А что касается вообще французского гротеска, то, понимаете, Рембо – это тоже поэт, очень политически обусловленный. Это поэт расстрелянной коммуны. И я абсолютно убежден, что если бы коммуна не была расстреляна, то и раннее творчество Рембо как-то продолжилось бы. И напротив, если бы русская революция потерпела бы поражение, никакого продолжения творчества Маяковского не было бы. А он стал, не знаю, странствующим торговцем или журналистом – не важно, кем, но стихов бы не писал. Творчество Рембо как бы абортировано, как бы искусственно прервано. Я абсолютно убежден, что его полный отход от поэзии в 70-е годы, после катастрофы коммуны, после двух, опять же, сюрреалистических безумных сборников – «Игра в аду» и, кажется, «Откровения» [«Озарения»] – там практически все дышит отчаянием. Уже «Пьяный корабль» – текст, который до всяких итогов творчества говорит о ранней обреченности, но конец коммуны, по большому счету, его иллюзии погубил. Я абсолютно уверен, что творчество Рембо именно политически обусловлено. И поздний, в последних двух книгах сюрреализм Рембо, где это просто уже набор каких-то абсолютно хаотических звучаний – это следствие отчаяния, это рухнувший мир; мир, у которого крыша съехала. Понимаете, сюрреализм расцветает после больших трагедий, ничего не поделаешь. Я думаю, что сюрреализм Лорки – это тоже, до известной степени, сюрреализм разочарований.
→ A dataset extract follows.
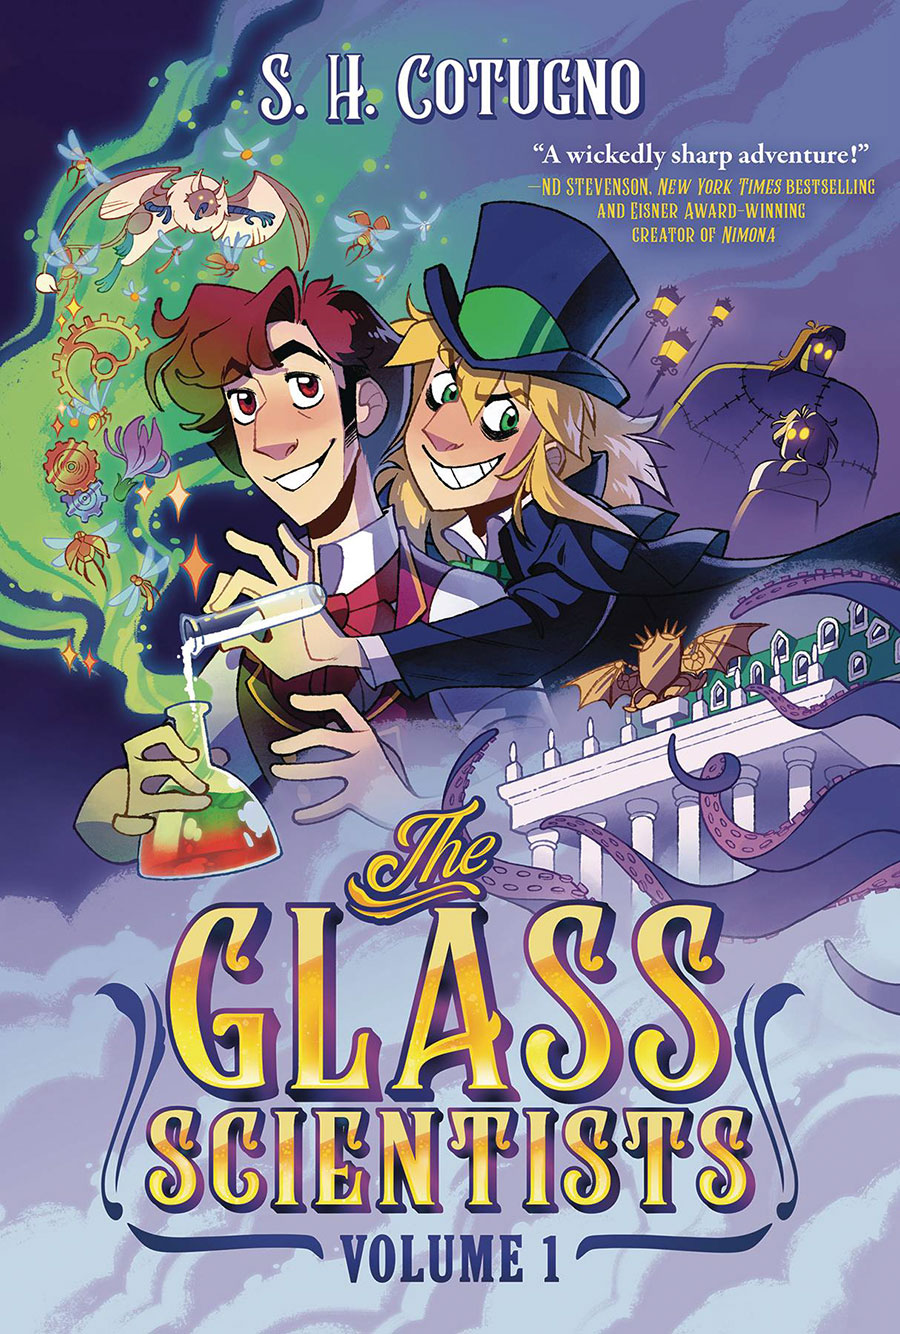 Glass Scientists Vol 1 TP

И, собственно, катастрофизм испанской истории, который был еще впереди, у него уже начал сказываться, мне кажется. Мне кажется, что и Бунюэль, с его сюрреалистической, очень цинической иронией, например, «Виридианы» или «Скромного обаяния…» – это все отзвук разочарования в каких-то великих революционных иллюзиях, следствие эмиграции, фактического бегства. Вот сюрреализм – это утешение разочарованных, утешение политизированных и проигравших.
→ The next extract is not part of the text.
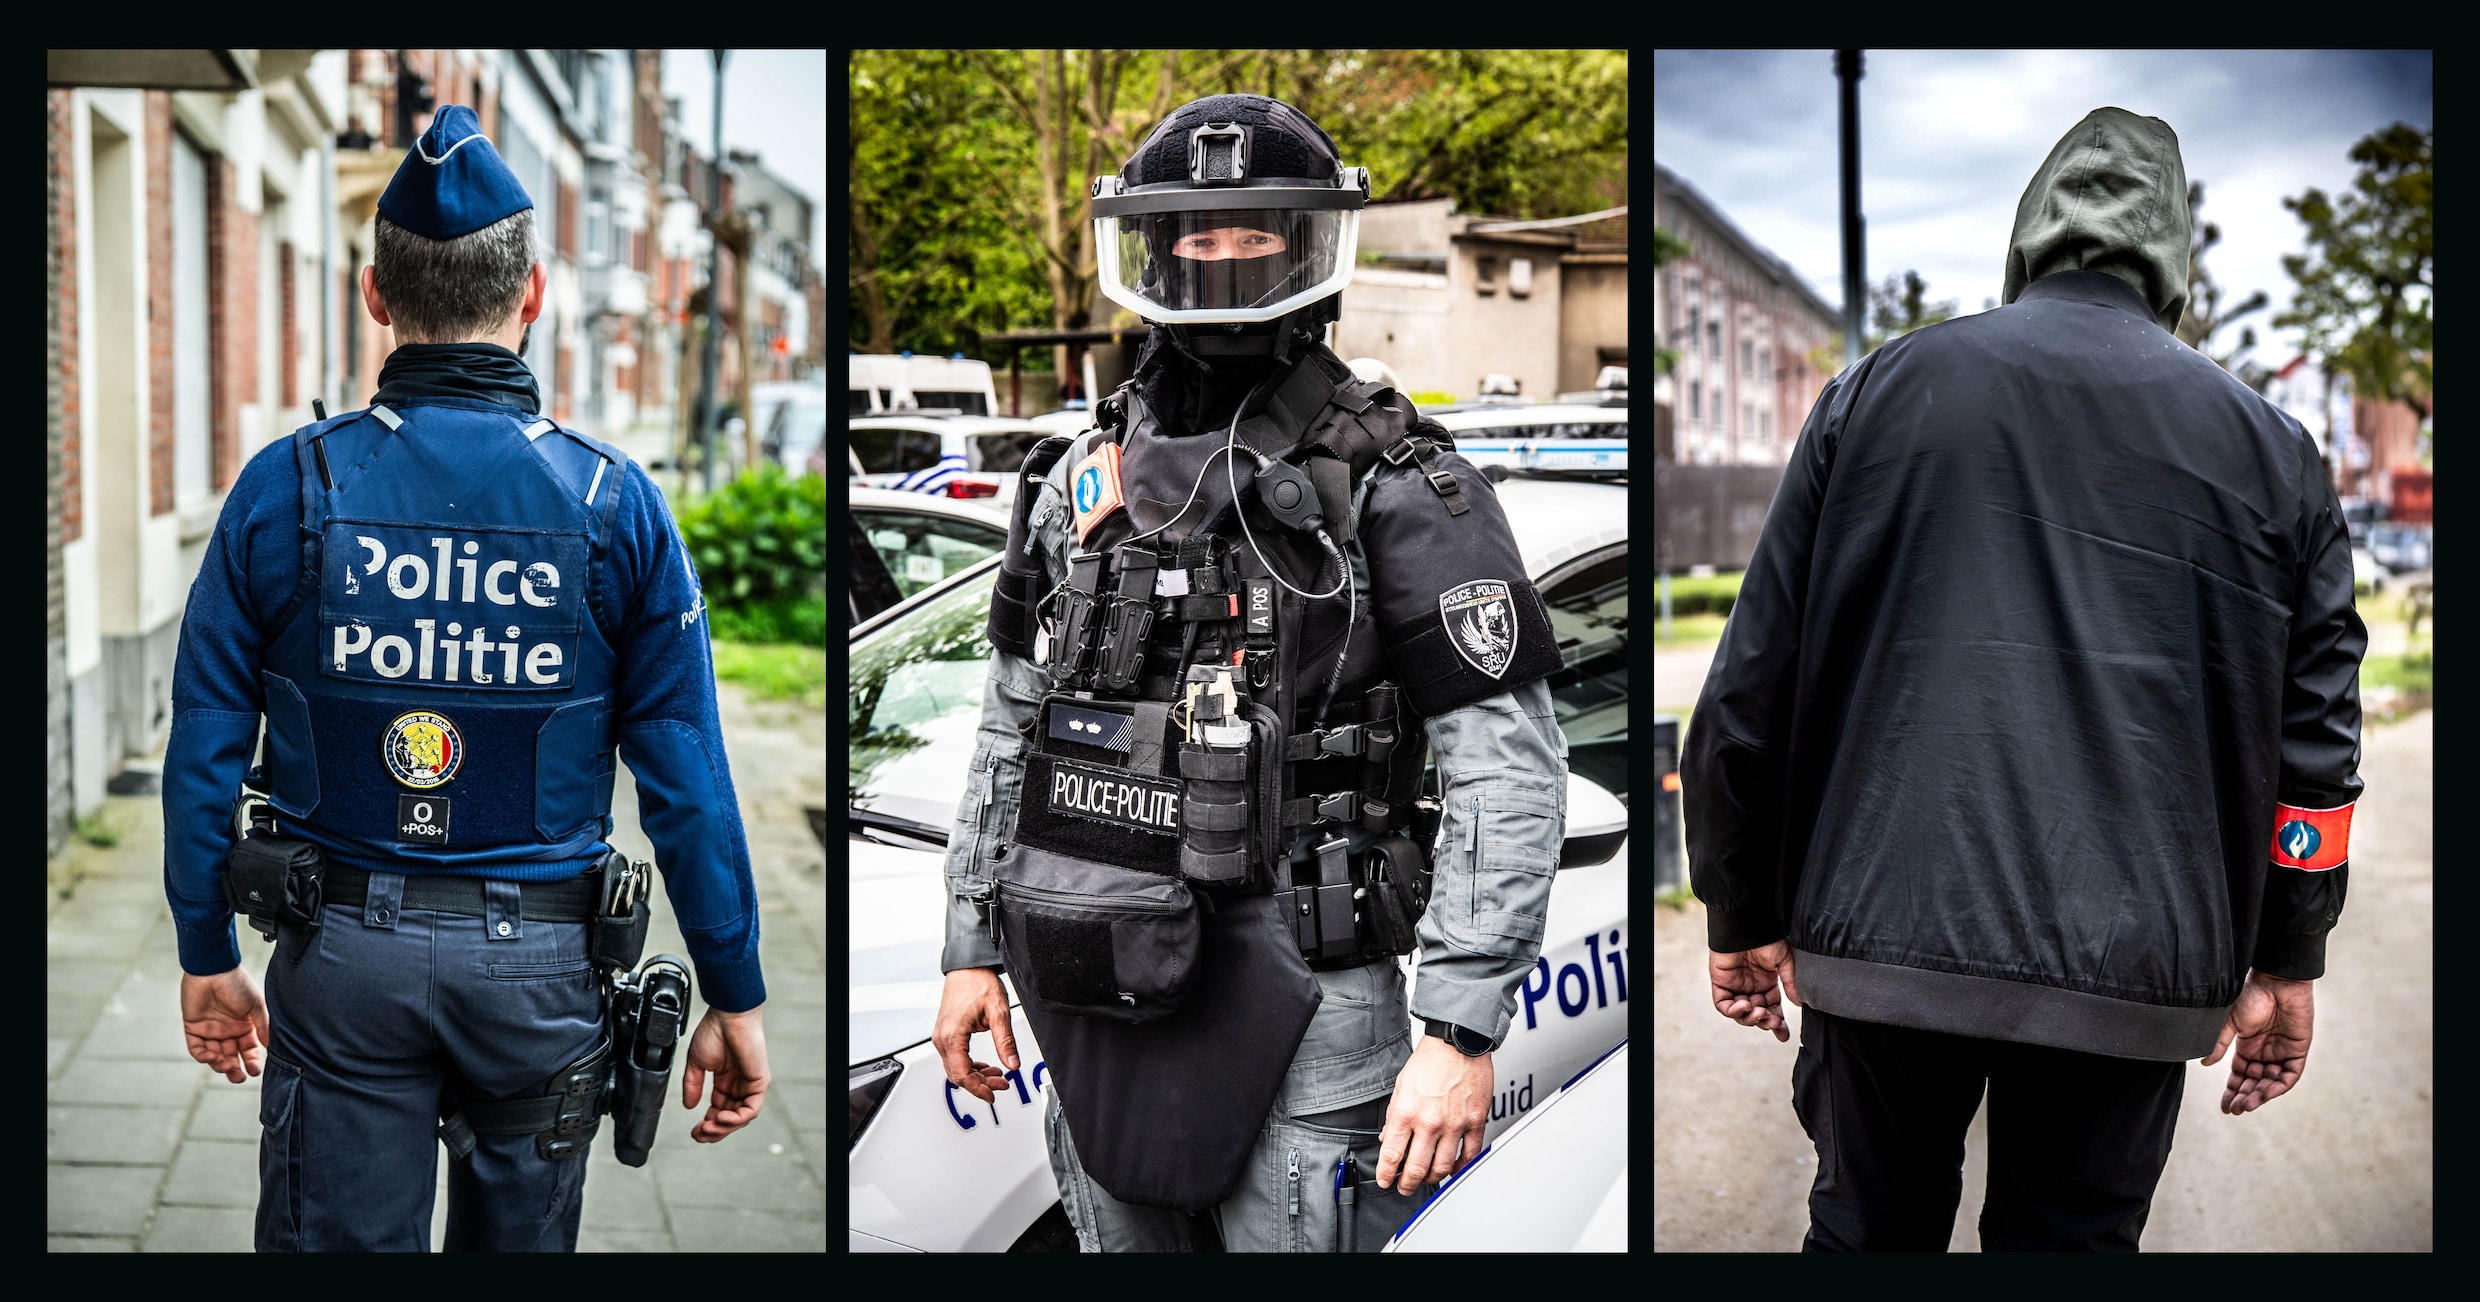 ‘In mijn vijftien jaar als politieman heb ik nog nooit zulk geweld meegemaakt. Het is oorlog’: Brusselse agenten getuigen

«В романах «Золотой теленок» и «Мастер и Маргарита» есть перекличка – балагановские штуки, коровьевские штуки. Чем это объясняется?» Знаете, есть такая целая подробная спекуляция (правда, «спекуляция» в смысле размышление, назовем это так) Ирины Амлински – не филолога, но вот она предприняла такой филологический натиск в книге, где доказывается, что истинный автор дилогии – Булгаков. Мне кажется, что здесь обратная совершенно зависимость, обратное влияние. Мне кажется, что Булгаков, желая достучаться до главного читателя, использовал опыт Ильфа и Петрова, зная, что их роман понравился наверху, особенно второй. Почему можно об этом судить? Потому что именно по совету Бубнова, тогдашнего руководителя Академии наук (а за Бубновым, скорее всего, стояла более высокая фигура), «Золотой теленок» вообще вышел отдельной книгой. До этого он был напечатан отдельной книгой в Штатах, «The Golden Calf», а собственно, публикация «Теленка» в России осуществилась только в журнале. Кажется, это «30 дней», если я ничего не путаю. Но в любом случае, после журнальной публикации прошло два года. Все это время Ильф и Петров добивались выхода книги, но Фадеев им ответил: «Ваш Остап Бендер – сукин сын, и книга о нем сейчас не нужна», а потом она вышла, по принципу «жалует царь, да не жалует псарь». После прямого вмешательства начальства книга появилась. Потом, уже в 1940-е годы, она была фактически запрещена, ее переиздание было признано ошибкой – ну так то был 1948 год. А в 1931-м она казалась вполне ко двору.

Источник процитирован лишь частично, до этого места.